The Stroulios et al method aggregates single cells in low‐adhesive micro aggregation chambers first, then transfers them into regular wells for differentiation in matrix‐free liquid environment with bronchial epithelial differentiation medium, achieving uniformity in organoid morphology and size.[ 11a ] Similarly, the Wijesekara et al method also first aggregates individual cells into spheroids, and then either transforms them into a matrix environment for differentiation, or keeps them in the liquid environment with bronchial epithelial differentiation medium, both approaches yielding apical‐out spheroids with the ability to control the resulting ciliated spheroid size by modulating the initial aggregate size.[ 11 , 14 ] In summary, our method facilitates differentiation as embedded in extracellular matrix, enabling spheroids to self‐construct, a feature the other two methods Stroulios and Wijesekara lack; though in turn they achieve higher spheroid regularity and control over spheroid size.

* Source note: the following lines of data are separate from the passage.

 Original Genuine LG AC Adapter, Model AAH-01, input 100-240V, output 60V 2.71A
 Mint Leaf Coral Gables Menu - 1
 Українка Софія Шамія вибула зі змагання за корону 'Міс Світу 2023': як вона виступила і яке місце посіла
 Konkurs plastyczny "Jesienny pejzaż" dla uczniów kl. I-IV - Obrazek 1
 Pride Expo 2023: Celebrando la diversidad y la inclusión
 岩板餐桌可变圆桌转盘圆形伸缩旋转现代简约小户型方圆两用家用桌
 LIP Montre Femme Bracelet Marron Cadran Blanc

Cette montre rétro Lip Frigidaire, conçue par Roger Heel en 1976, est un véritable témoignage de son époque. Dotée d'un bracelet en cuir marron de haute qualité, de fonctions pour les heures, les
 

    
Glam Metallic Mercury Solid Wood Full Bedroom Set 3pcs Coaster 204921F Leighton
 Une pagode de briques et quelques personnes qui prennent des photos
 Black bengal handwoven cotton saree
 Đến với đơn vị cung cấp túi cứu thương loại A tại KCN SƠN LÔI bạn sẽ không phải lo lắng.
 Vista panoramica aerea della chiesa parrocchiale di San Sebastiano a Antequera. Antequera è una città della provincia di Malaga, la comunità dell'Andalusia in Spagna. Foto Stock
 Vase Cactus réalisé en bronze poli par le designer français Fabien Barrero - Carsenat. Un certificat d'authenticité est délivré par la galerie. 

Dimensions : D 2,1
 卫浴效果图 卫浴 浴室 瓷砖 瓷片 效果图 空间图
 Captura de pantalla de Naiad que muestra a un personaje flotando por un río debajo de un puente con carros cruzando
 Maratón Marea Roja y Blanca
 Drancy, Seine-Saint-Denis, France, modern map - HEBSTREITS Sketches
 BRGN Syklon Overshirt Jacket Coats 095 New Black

The major difference between our method and the Boecking & Walentek method is that upon extraction of apical‐in spheroids from Matrigel, we simply culture the spheroids in a non‐adhesive environment and achieve polarity reversal and motility within a few days. However, the Boecking & Walentek method replates the spheroids into the Matrigel for another two weeks, during which period they administer RSPO2&Noggin in order to facilitate polarity reversal, and at the end of this period they dissolve the Matrigel again to finally harvest the apical out spheroids. We believe our method provides a simple, rapid, scalable, and high‐throughput protocol that harnesses biological cells’ ability to build themselves into multicellular complex structures. Despite their differences in methods, goals, and characterization metrics, these four novel protocols taken together help explore the space of possible morphologies of NHBEs and unravel the morphogenetic potential of human airway epithelium; they are thus significant steps for mapping the morphogenetic plasticity landscape of non‐embryonic wild‐type cells.
2. Results
2.1. Human Bronchial Epithelial Cells Self‐Construct into Multicellular Motile Living Architectures
To explore the self‐organizing plasticity of morphogenesis without genomic change, we chose a cellular substrate in which such outcomes would be most surprising: adult, somatic, human airway tissues. To study and steer the in vitro morphogenesis of novel 3D tissues with motile appendages, we developed a novel protocol (Figure 1A) that builds upon the existing ability of human bronchial epithelial progenitor cells to form multicellular spheroids (Figure 1a.1) with cilia‐lined lumina[ 15 ] (i.e., apical‐in configuration). We modified this process by manipulating the culture environment such that it now yields cilia‐coated (i.e., apical‐out) spheroids, which exhibit spontaneous locomotive ability.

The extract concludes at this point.